Across Europe, significant changes in data legislation came into effect last week, as the new General Data Protection Regulation (GDPR.) This new legislation is intended to make data protection laws consistent across the EU. It has implemented a more contemporary legislation with existing laws that were protecting data usage on social media and the volumes of data that is available to organisations.
There are 10 primary changes as part of the GDPR and one of them is the requirement for organisations to make data available for data subjects whenever they want it and to keep a more detailed data processing activity. You will also have to let a relevant authority know when your data gets breached. Your data controller will have to do this within 72 hours, if you don’t comply with then this you will get fined.
GDPR applies to any organisation which engages with data processing or control activities within the EU, even if the organisation is based outside of the EU.
There is now a “One-Stop Shop” where multinational companies are mainly regulated by the supervisory authority of their primary establishment. Other concerned authorities can also get involved in handling complaints against the company.

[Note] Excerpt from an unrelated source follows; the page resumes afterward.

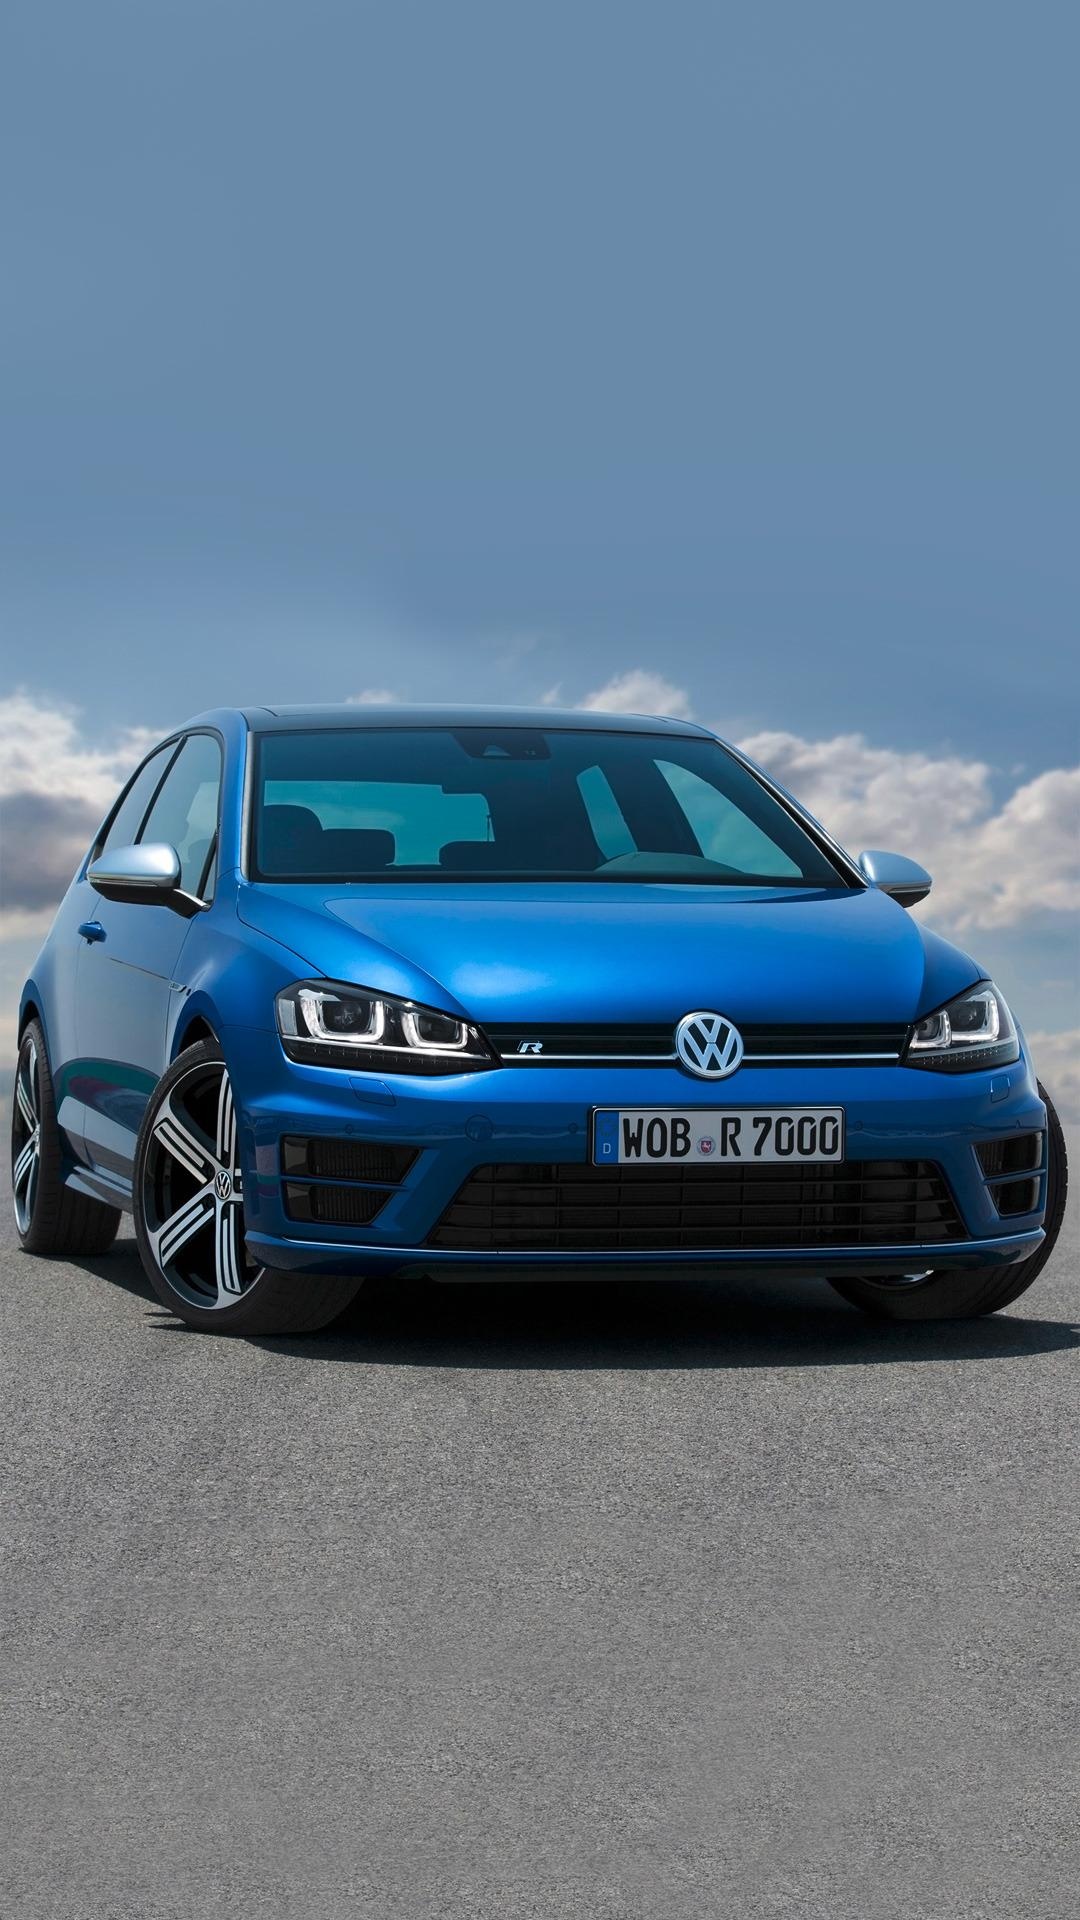 Volkswagen Golf, Volkswagen phone wallpapers, Free backgrounds, Volkswagen, 1080x1920 Full HD Handy

Increased Processor Obligations
There are now statutory obligations on data processors and subjection to direct enforcement by supervisory authorities. Processors will now be liable for data protection breaches if they act outside of the instructions that are set by controllers.
Improved Record Keeping
You will be required to keep detailed records of all processing activities and present these records upon request from the relevant supervisory authority.
Transparent Presentation of Data
You will need data processors to present a greater deal of personal information to data subjects and they must present it in a manner that is fully accessible and understandable.
Decreased Reliance on Consent
Consent from data subjects must be explicit which makes consent less reliable as a legal basis for data collection. Data subjects are now able to withdraw consent at any time and it must be easy for them to do this.
Enhanced Individual Rights
Data subjects will now have enhanced rights, like greater control over the processing of their personal data and a right to data portability.
Data controllers will now have to notify the relevant supervisory authority of a data breach within 72 hours, unless the breach is unlikely to threaten the rights of data subjects. Processors are only obligated to report breaches to data controllers.
International Data Transfers
GDPR has now removed the need for international data transfers to be pre-approved. It has also removed self-assessment as a basis for transfers and a move which is intended to improve uniformity across all members.
Imposition of Strict Fines
GDPR will now enable supervisory authorities the power to impose severe fines for non-compliance.